*Task brief*: Would you return exactly the lines below from the line with "Surya Sycamore Syc-2301" through the line with "Benetton floral slippers. 1", both included, and nothing else, leaving out the pictures?

(Records shown)

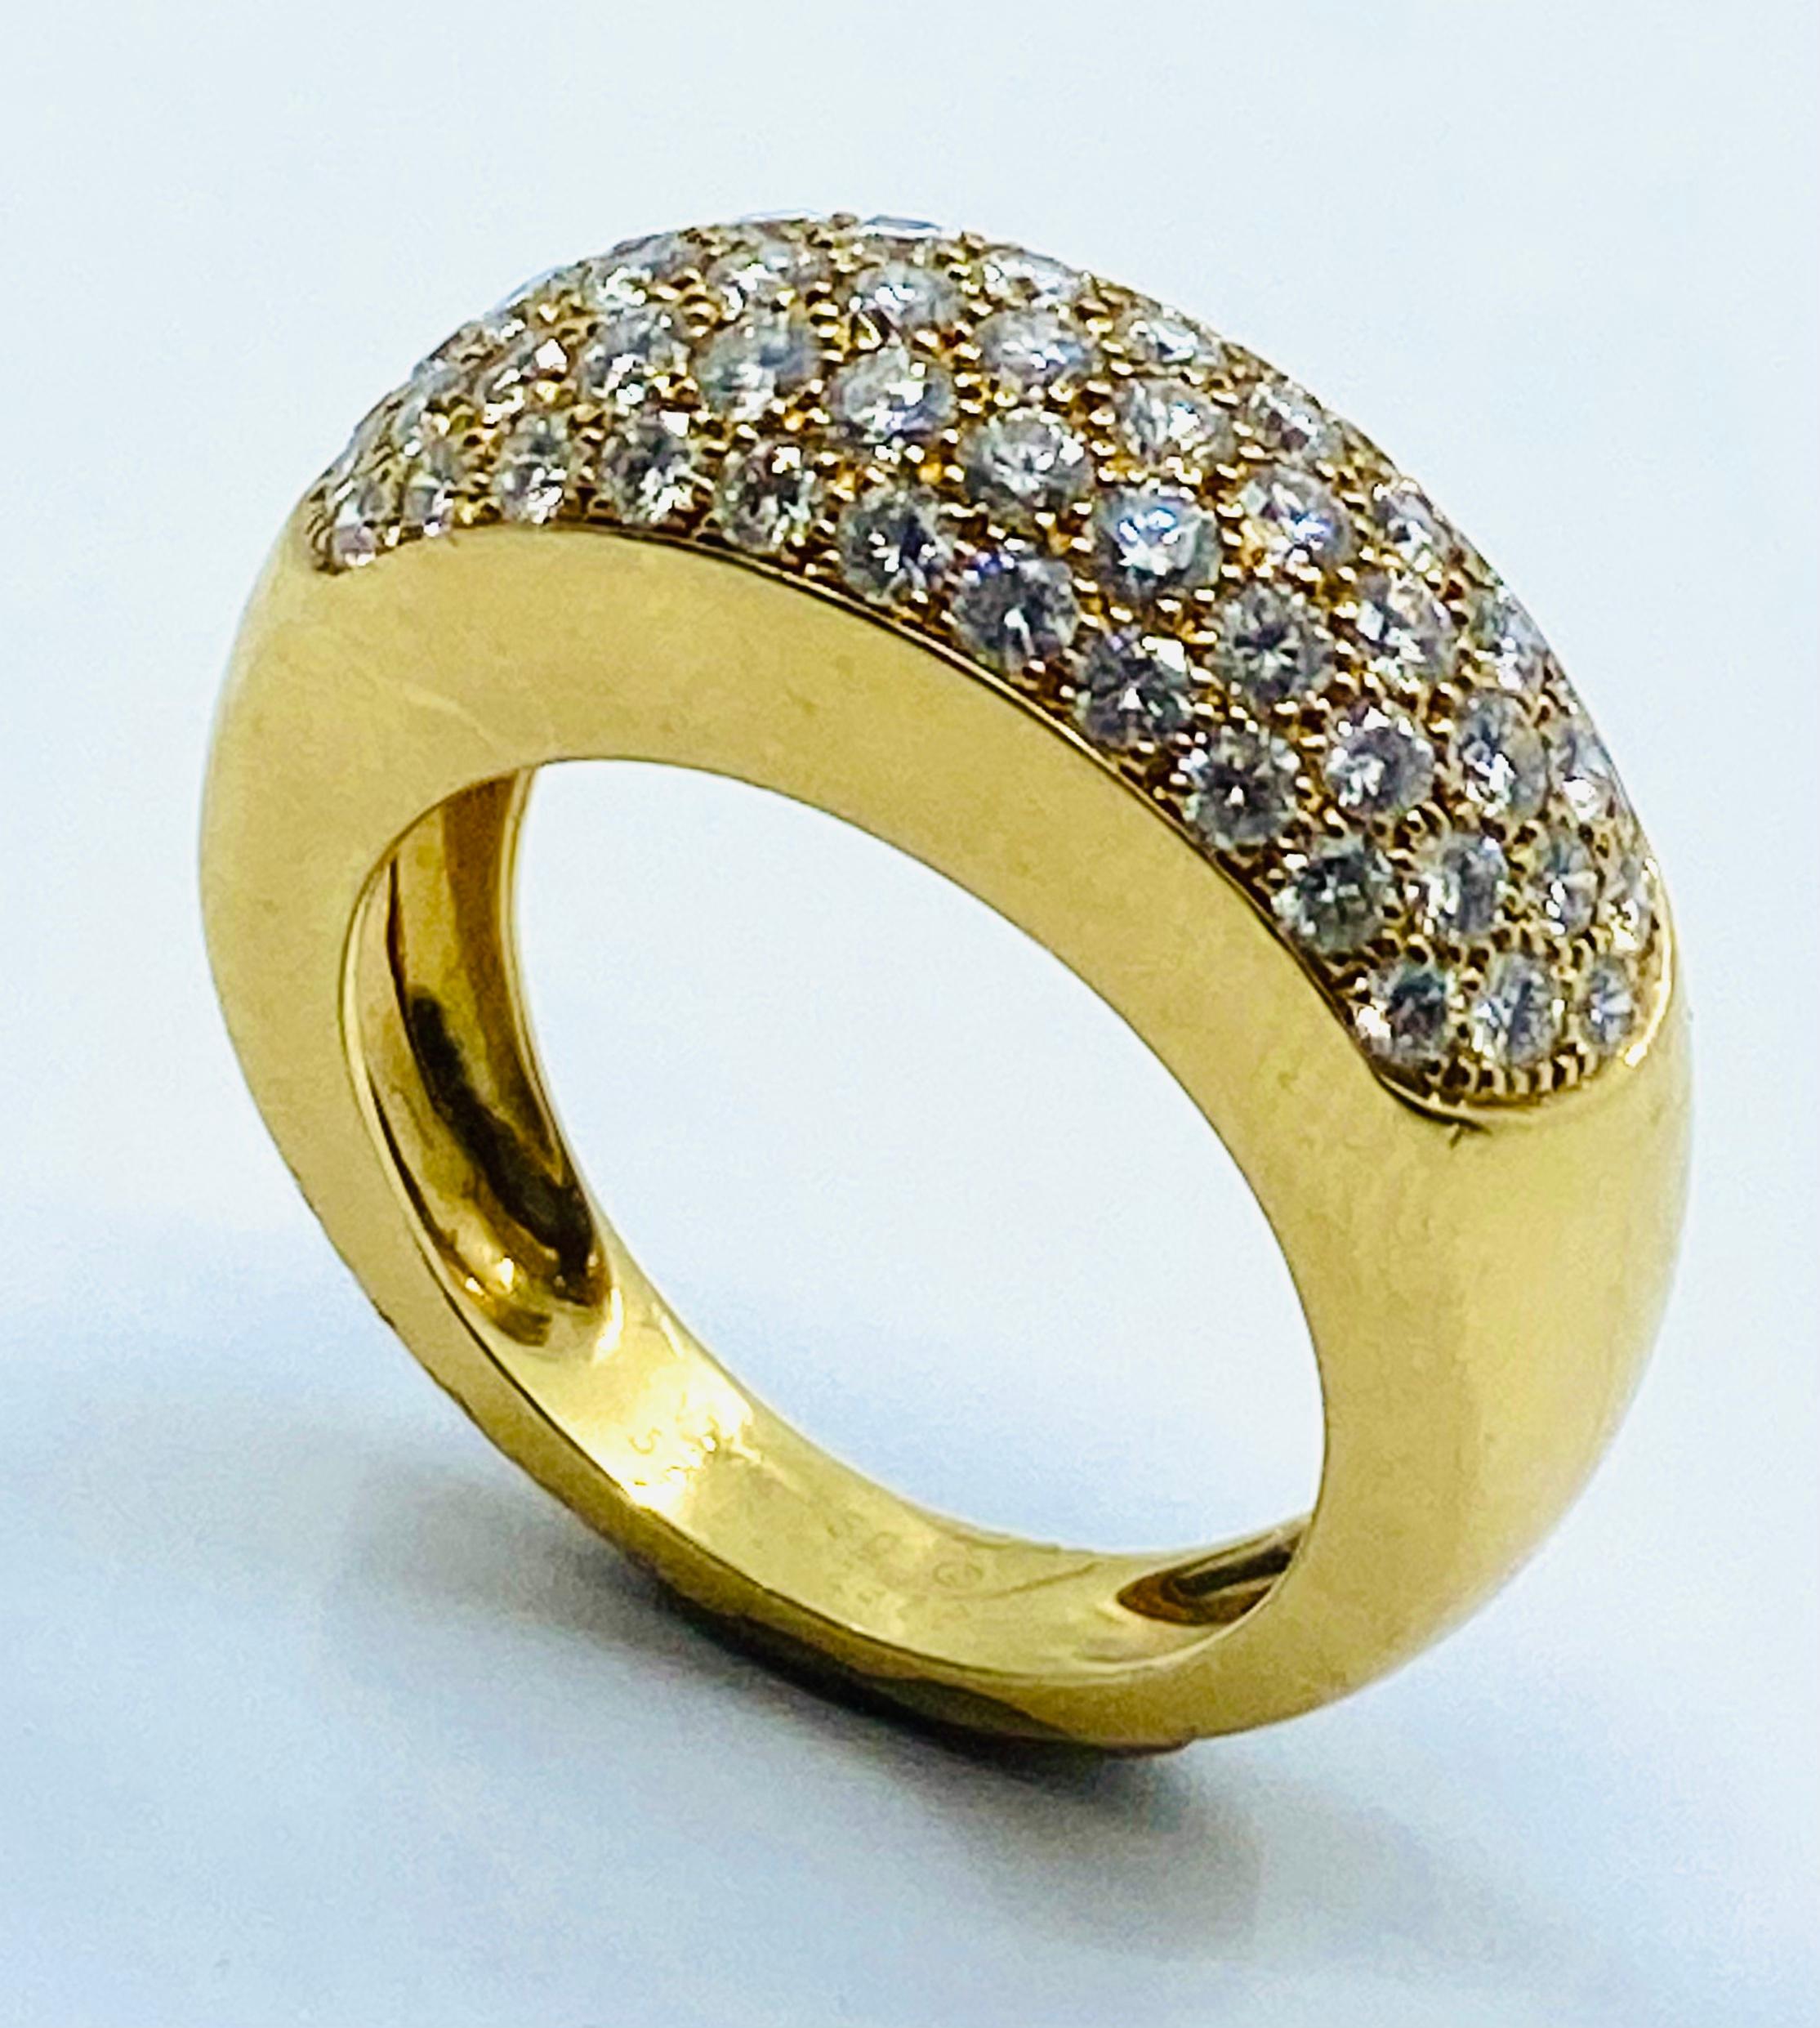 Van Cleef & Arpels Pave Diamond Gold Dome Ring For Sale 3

(End Records shown)
(Records shown)

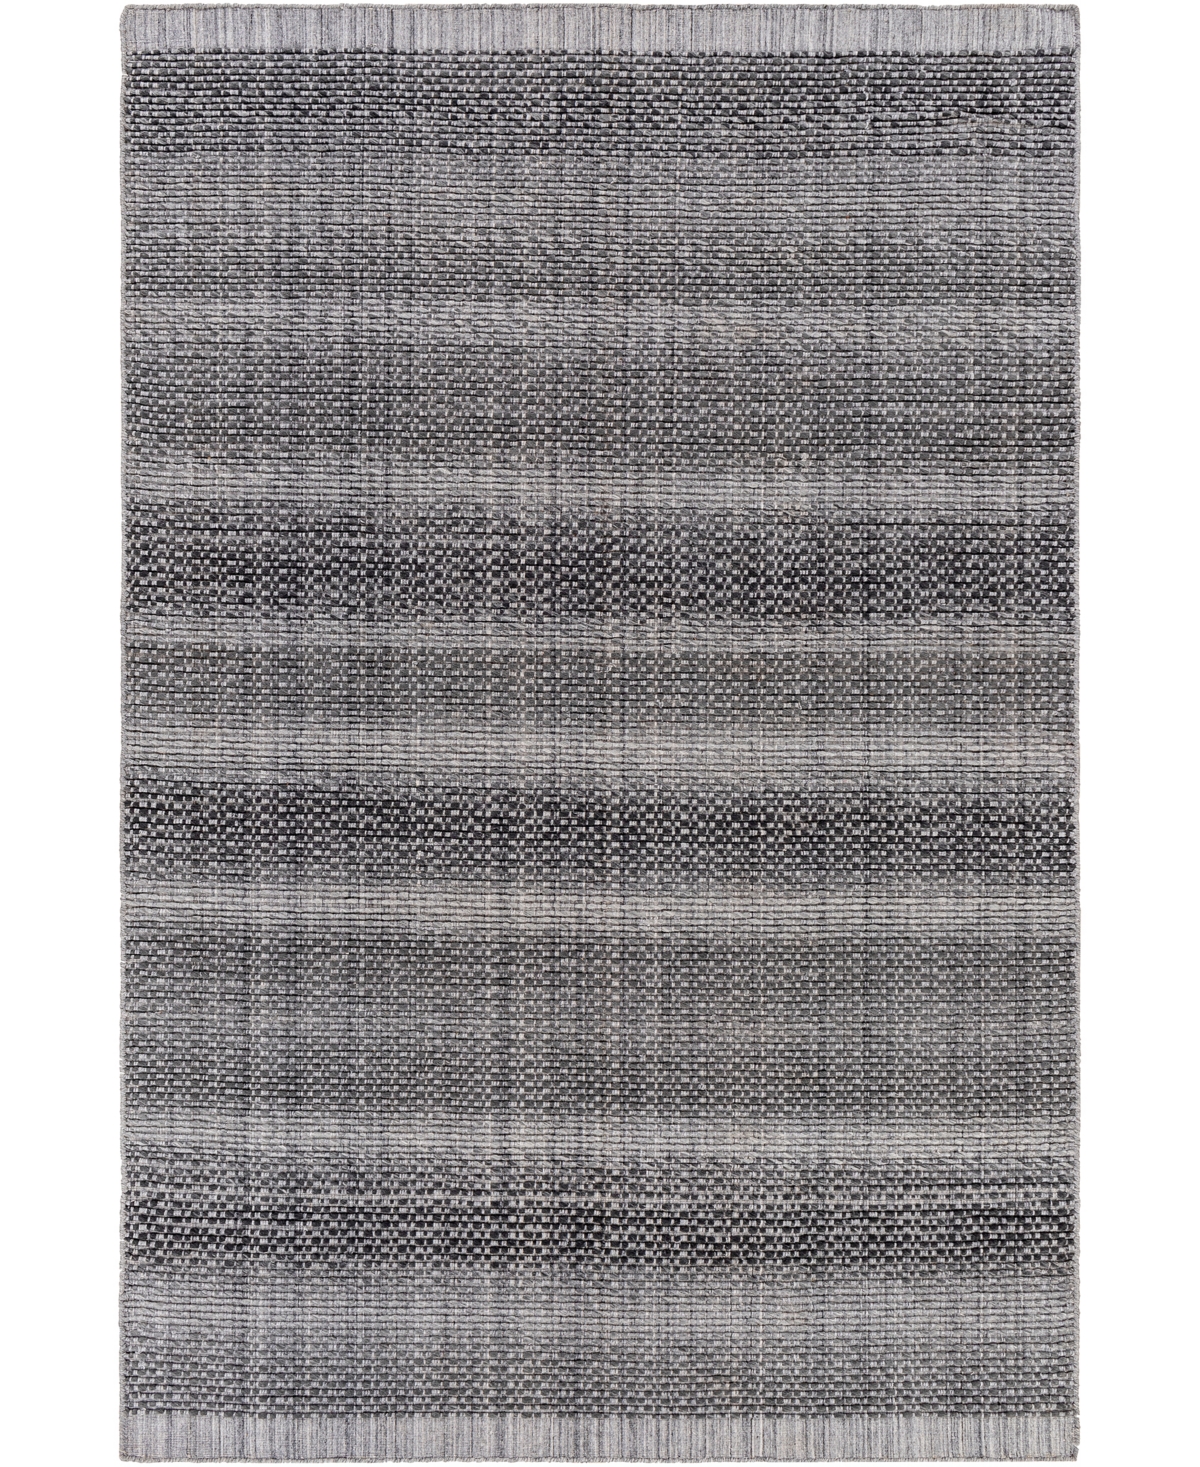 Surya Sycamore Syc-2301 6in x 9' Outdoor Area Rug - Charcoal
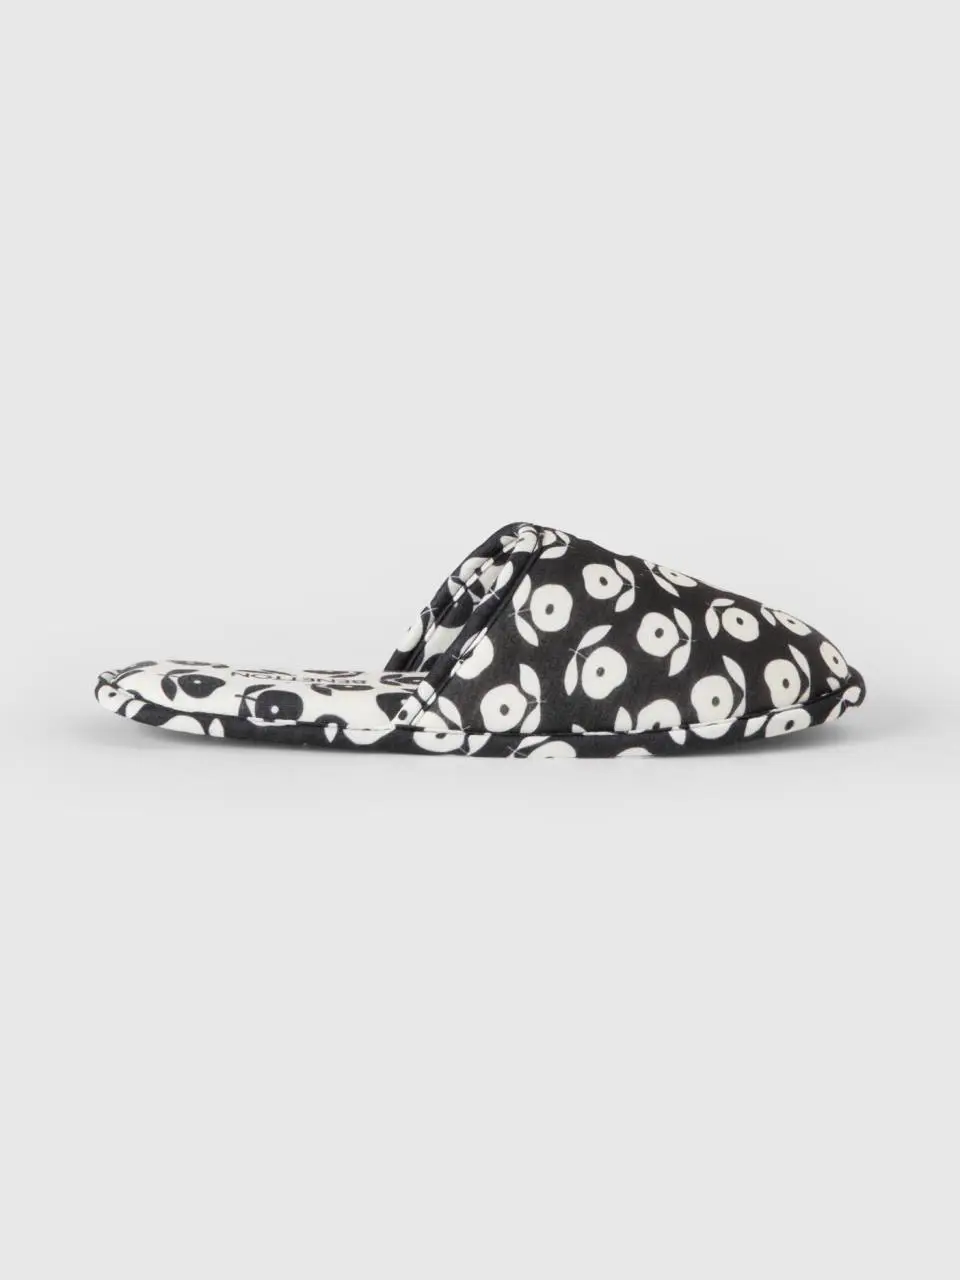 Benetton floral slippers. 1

(End Records shown)

*Reply to the task*:
 Surya Sycamore Syc-2301 6in x 9' Outdoor Area Rug - Charcoal
 Benetton floral slippers. 1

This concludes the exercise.